Nice set of shots mate, for such a derp-mill, its a real surprise how tight this place is!


----------



## UE-OMJ (Feb 28, 2013)

Very atmospheric. Lovely.


----------



## Sshhhh... (Feb 28, 2013)

Wish you wouldn't keep throwing yourself off roofs!! Great shots there!


----------



## Lucky Pants (Feb 28, 2013)

Real nice pictures Alt and as for the vid well that gotta hurt ,but we soon snapped them bones back into place, ..... well kind of .


----------



## Lucky Pants (Feb 28, 2013)

A good couple of days none the less


----------



## Sshhhh... (Feb 28, 2013)

Great shots there Mr Pants!


----------



## Silent Hill (Feb 28, 2013)

*Epic*

Oh my word! Epic Mill.... Epic Camera Work.... Epic Atmosphere... Epic Fall 

Did I mention these reports as being Epic?


----------



## Mars Lander (Feb 28, 2013)

Silent Hill said:


> Oh my word! Epic Mill.... Epic Camera Work.... Epic Atmosphere... Epic Fall
> 
> Did I mention these reports as being Epic?



Your too kind, thanks lots have you been to High Royds? I need the Royds!

Great Shots mr pantaloons , just stunning as ever


----------



## flyboys90 (Mar 1, 2013)

Superb photos from both of you, great dvd thanks for sharing.


----------



## HughieD (Mar 1, 2013)

Epic's the word here!


----------



## sonyes (Mar 1, 2013)

Great report and fantastic pics as usual from you both, cheers guys!


----------



## Ninja Kitten (Mar 1, 2013)

Amazing i love your posts!!!!!!!!!!!!!!!!!!!! We must meet up again!


----------



## Silent Hill (Mar 1, 2013)

AltDayOut said:


> Your too kind, thanks lots have you been to High Royds?



Yep...... http://www.derelictplaces.co.uk/main/showthread.php?t=20130#.UTCSbaJQZZg


----------



## Mars Lander (Mar 1, 2013)

Ninja Kitten said:


> Amazing i love your posts!!!!!!!!!!!!!!!!!!!! We must meet up again!



an easy, come on down! We've missed ya , missions later in month, you must enroll haha.


----------



## st33ly (Mar 1, 2013)

That second pic at the top scared me when I at first saw somebody poking out next to the pillar! Freaky lol


----------



## Mars Lander (Mar 1, 2013)

st33ly said:


> That second pic at the top scared me when I at first saw somebody poking out next to the pillar!
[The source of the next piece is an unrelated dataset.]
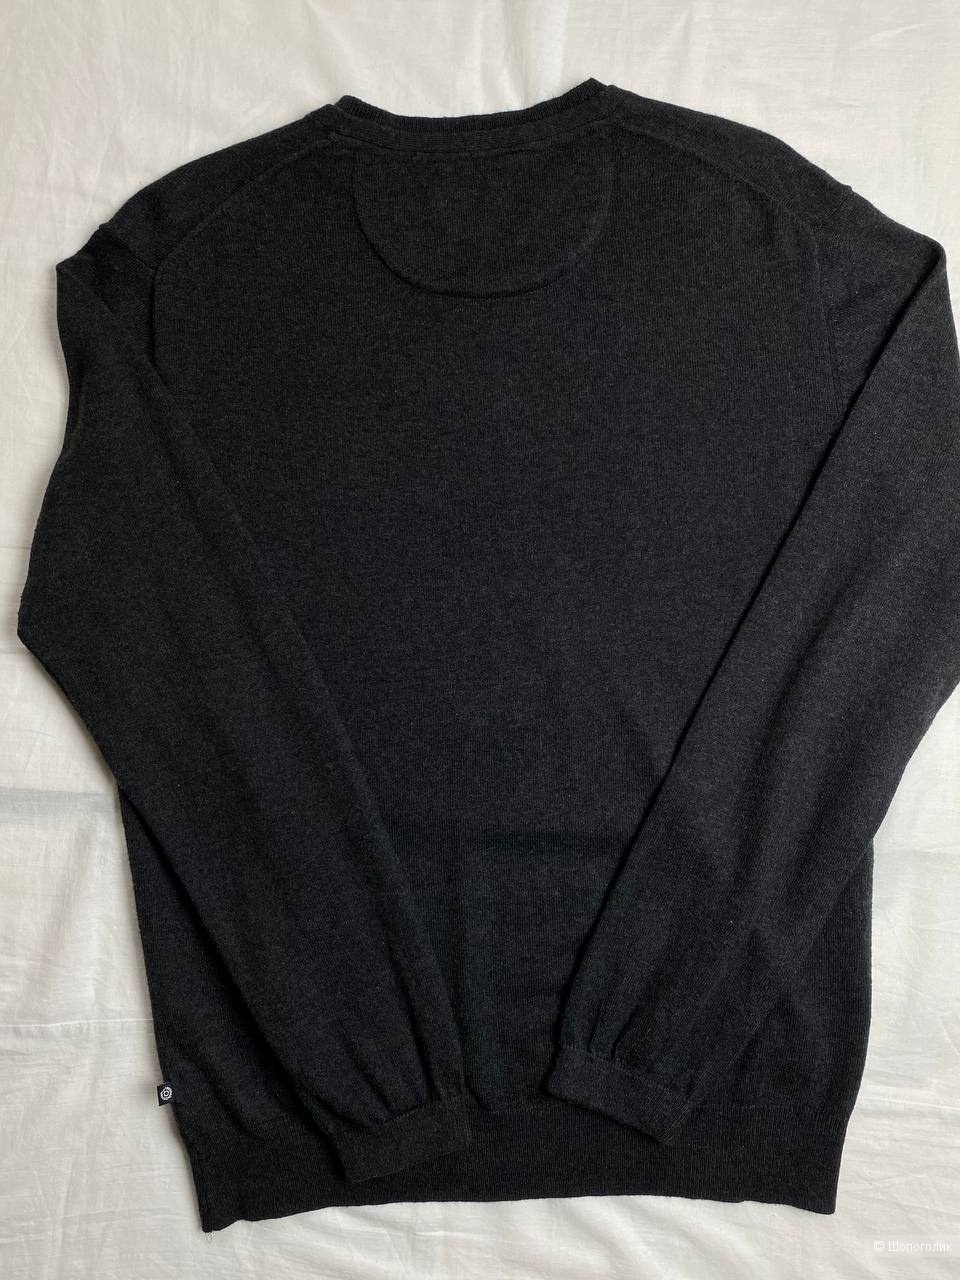 Пуловер Buggati, есть кашемир, размер: L

Freaky lol



haha no one seems to spot that or they're just keeping quiet


----------



## peterc4 (Mar 1, 2013)

well done gents, great report and pics


----------



## perjury saint (Mar 1, 2013)

*A mooch is a mooch!! And this aint bad... Cerackin shots there lads!!! *


----------



## Ramsgatonian (Mar 2, 2013)

Fantastic photography from you both!


----------



## shatners (Mar 2, 2013)

Great shots as always both... liking the video too!

I swear if I ever bump into you two wearing those masks whilst bimbling on my own in an old mill it'll be me running and throwing myself from a rooftop lol


----------



## MrDan (Mar 2, 2013)

AltDayOut said:


> haha no one seems to spot that or they're just keeping quiet



I didn't see it lol. Fantastic photos here, this sort of thing never used to be my cuppa tea, but that's started to change recently, partly from seeing reports like this


----------